More unexpected, Mr. Sachar sees the state's future as still open to doubt. Even as many Arabs have come to accept Israel's existence as a permanent reality, he notes the fragility of the whole Zionist undertaking. In a key passage, he notes Israel's many vulnerabilities:
A majority of Jews in free, Western nations did not wish to emigrate to the Jewish homeland. The promise of Israel as the sure and certain haven for the Jewish people was itself open to question. Israel was the only Jewish community in the world, after all, that was calling on Jews elsewhere to save it from "another Holocaust," a threat that its very establishment was supposed to avert. Jewish statehood had also been envisaged as a guarantee of Jewish economic self-sufficiency and productivity. The opposite now seemed to be the case. Israel's economy was a shambles, the nation was emerging as one of the "developed" world's chronic mendicants. Neither was the historic assumption borne out that a Jewish state would effect a Jewish vocational transformation ... the business and professional patterns of the Diaspora were increasingly being replicated on Israeli soil. To an extent that would have shocked [early Zionists], so was the reviving ultra-Orthodoxy of the nineteenth-century shtetl.
Like many knowledgeable students of Israel, Mr. Sachar regards the greatest dangers as internal: Jews, not Arabs, threaten the fate of Israel.
Profound and insightful though it is, this analysis points to my one major criticism of A History of Israel. Mr. Sachar has immersed himself so thoroughly in matters Jewish and Israeli that he ignores the regional canvas; the result is an odd naïveté. How could anyone familiar with the brutality of recent Middle East politics call Israel's appropriation of Bedouin grazing areas for a nature preserve a "cruel tragedy?" Similarly, Mr. Sachar exposes his sheltered perspective when he dubs the situation on the West Bank as one of "flailing lawlessness;" to a student of Middle Eastern life, the West Bank appears much more regular than that.

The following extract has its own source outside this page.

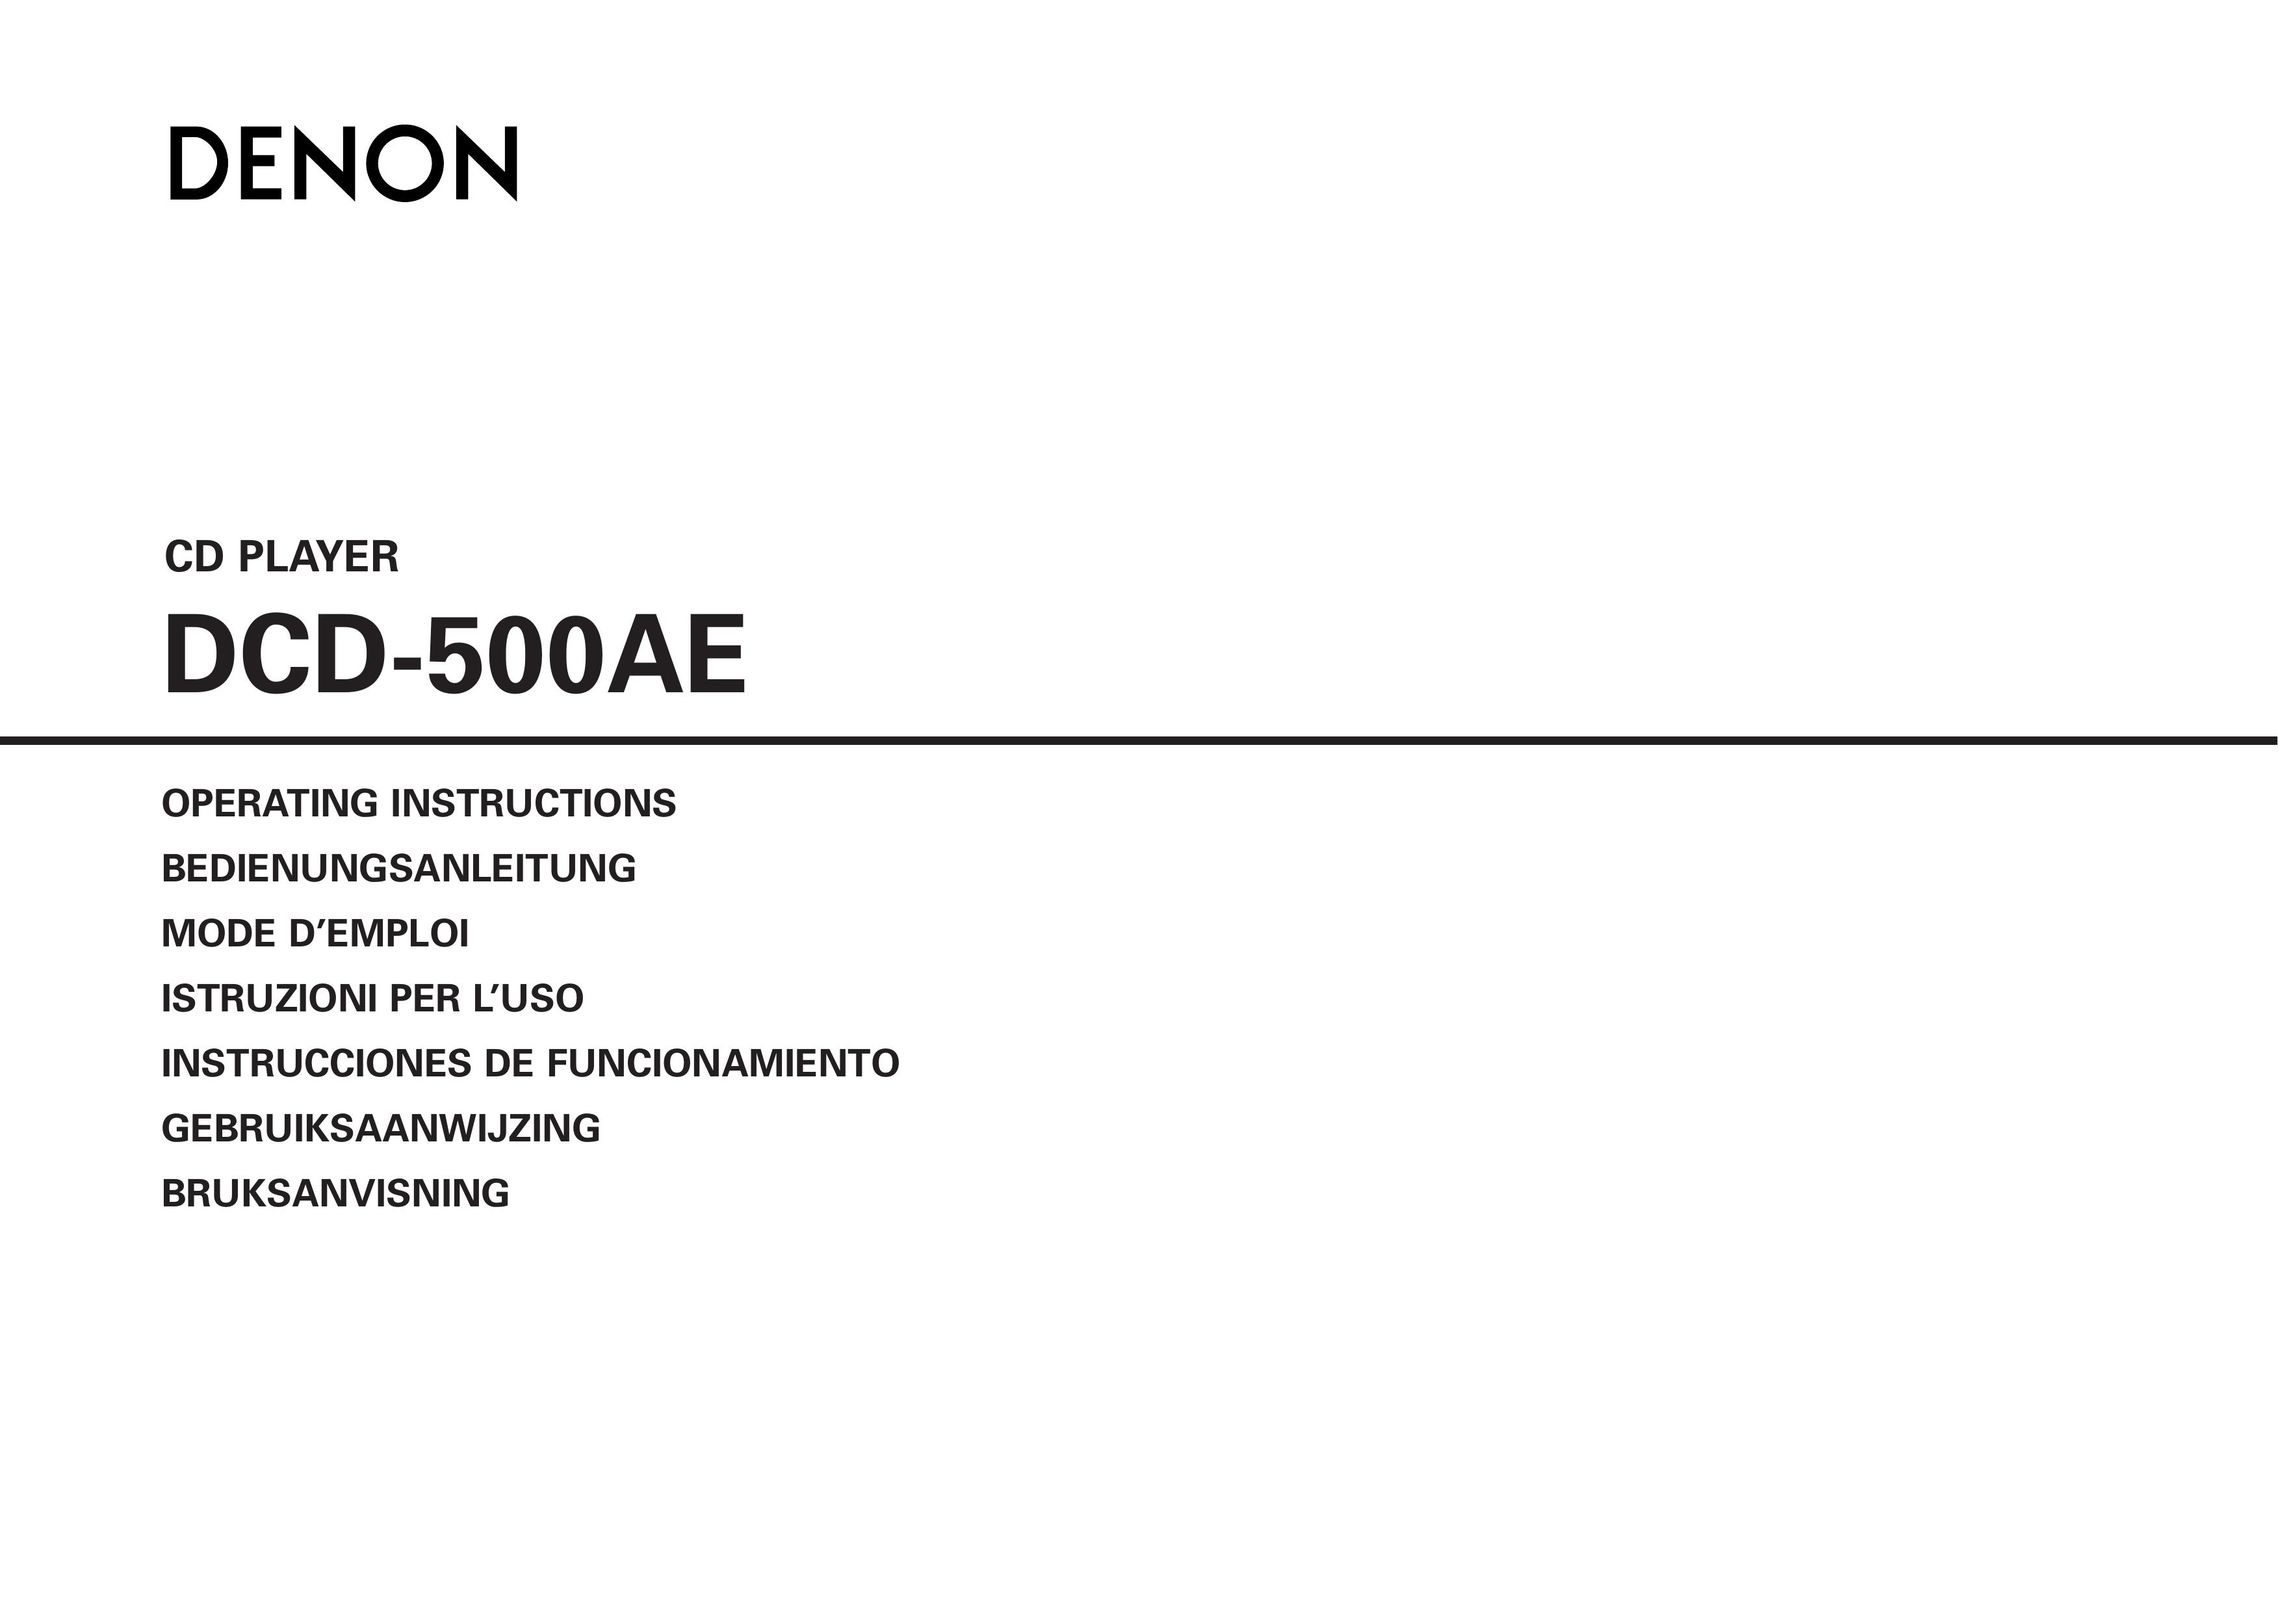 Denon DCD-500AE CD Player User Manual

This leads to a more general observation about the study of Israel. The time has come to take more seriously Israel's Middle East context. True, Israel's culture and political system are ultimately Western, but the state is located in the Middle East, its population is predominantly born there, and its fate is driven by Middle Eastern events. For these reasons, Israel is best understood in the framework of its region.
Daniel Pipes, author of In the Path of God: Islam and Political Power, is director of the Foreign Policy Research Institute in Philadelphia and editor of its quarterly journal, Orbis.